Brian Kwok hardened. In English he said, "Our American friends have asked us to take you into protective custody."

"What nonsense!"

"Not such nonsense, Ian. It's very well known you've a photographic memory. The sooner you turn the papers over the better. Even afterwards you should be careful. Why not tell me where they are and we'll take care of everything?"

Dunross was equally set-faced. "Everything's taken care of now, Brian. Everything stays as planned."

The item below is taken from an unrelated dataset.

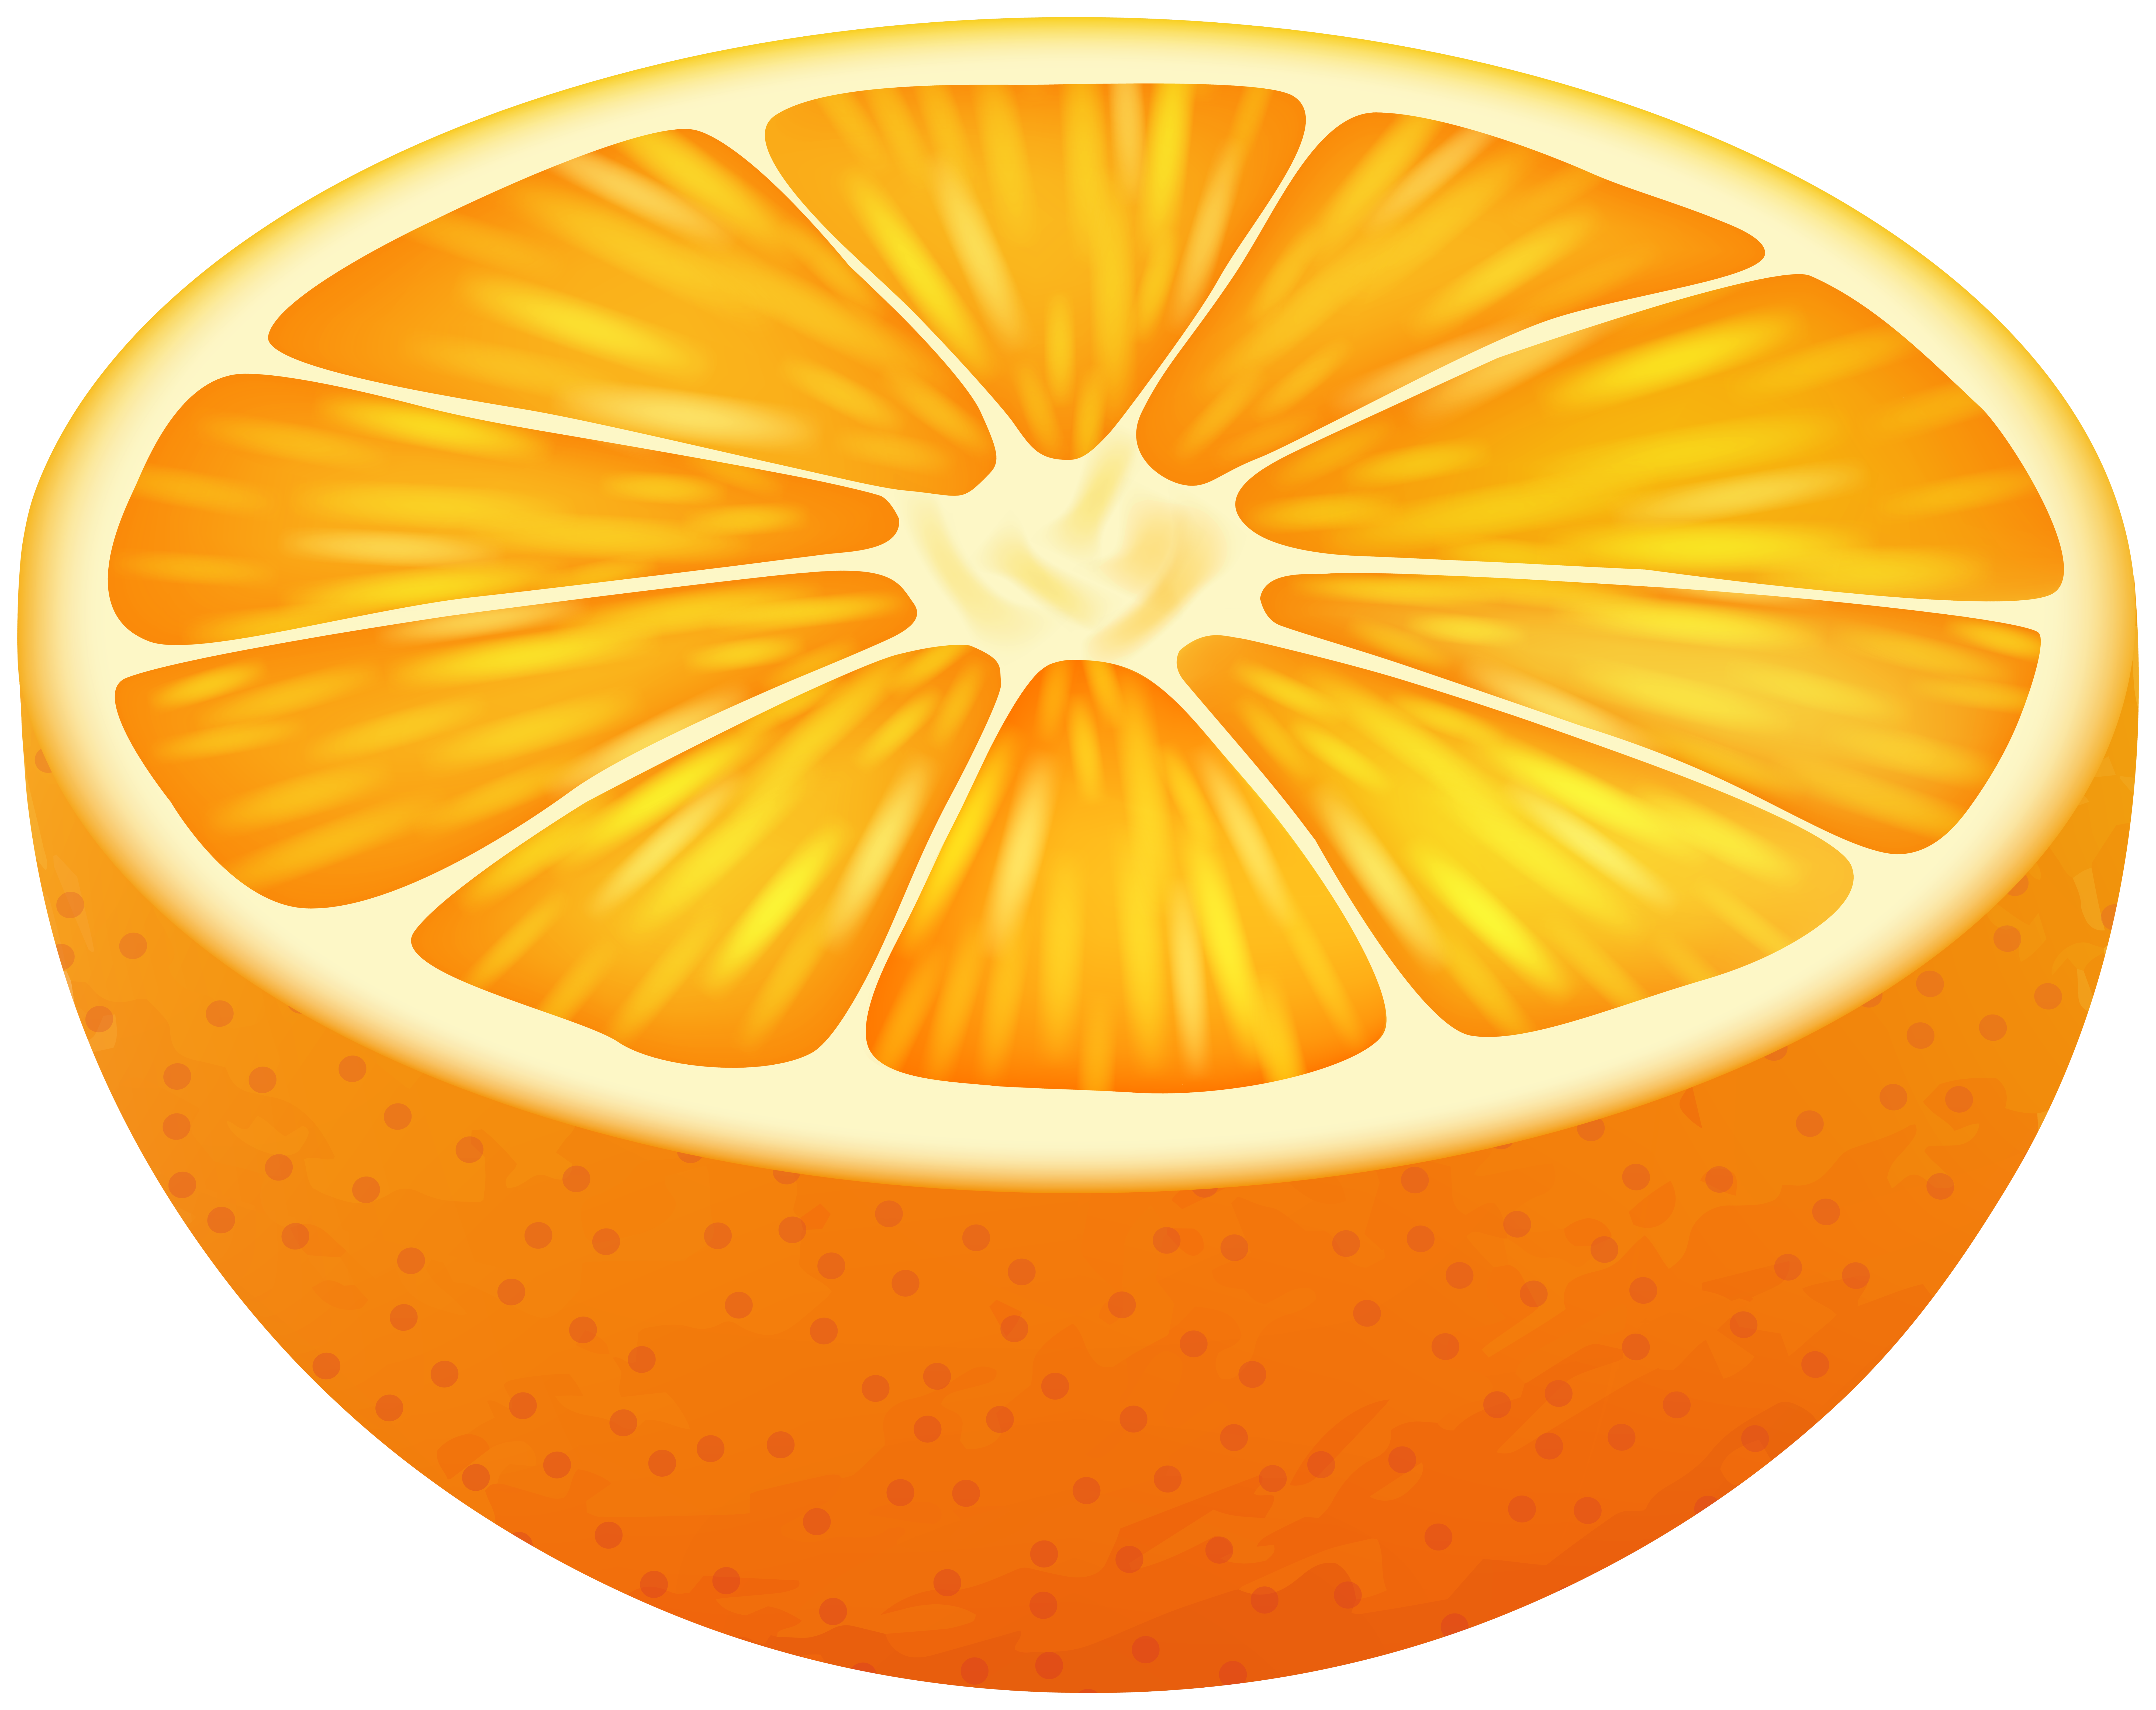 Апельсин картинка для детей на прозрачном фоне. Апельсин на прозрачном фоне. Апельсин на прозрачном фоне для фотошопа. Апельсин вид сверху. Сочный апельсин на белом фоне.

The tall Chinese sighed. Then he shrugged. "Very well. Sorry, but don't say you weren't warned. Are Gavallan and Jacques staying for dinner too?"

"No, I don't think so. I asked them just to put in an appearance. Why?"

"They could've gone home with you. Please don't go anywhere alone for a while, don't try to lose your guard. For the time being, if you have any, er, private dates call me."

"Me, a private date? Here in Hong Kong? Really, what a suggestion!"

"Does the name Jen mean anything?"

Dunross's eyes became stony. "You buggers can be too nosy."

"And you don't seem to realise you're in a very dirty game without Queensberry rules."

"I've got that message, by God."

"'Night, tai-pan."

'"Night, Brian." Dunross went over to the MPs who were in a group in one corner talking with Jacques deVille. There were only four of them now, the rest were resting after their long journey. Jacques deVille introduced him. Sir Charles Pennyworth, Conservative; Hugh Guthrie, Liberal; Julian Broadhurst and Robin Grey, both Labour. "Hello, Robin," he said.

"Hello, Ian. It's been a long time."

"Yes."


"If you'll excuse me, I'll be off," deVille said, his face careworn. "My wife's away and we've a young grandchild staying with us."

"Did you talk to Susanne in France?" Dunross asked.

"Yes, tai-pan. She's... she'll be all right. Thank you for calling Deland. See you tomorrow. Good night, gentlemen." He walked off.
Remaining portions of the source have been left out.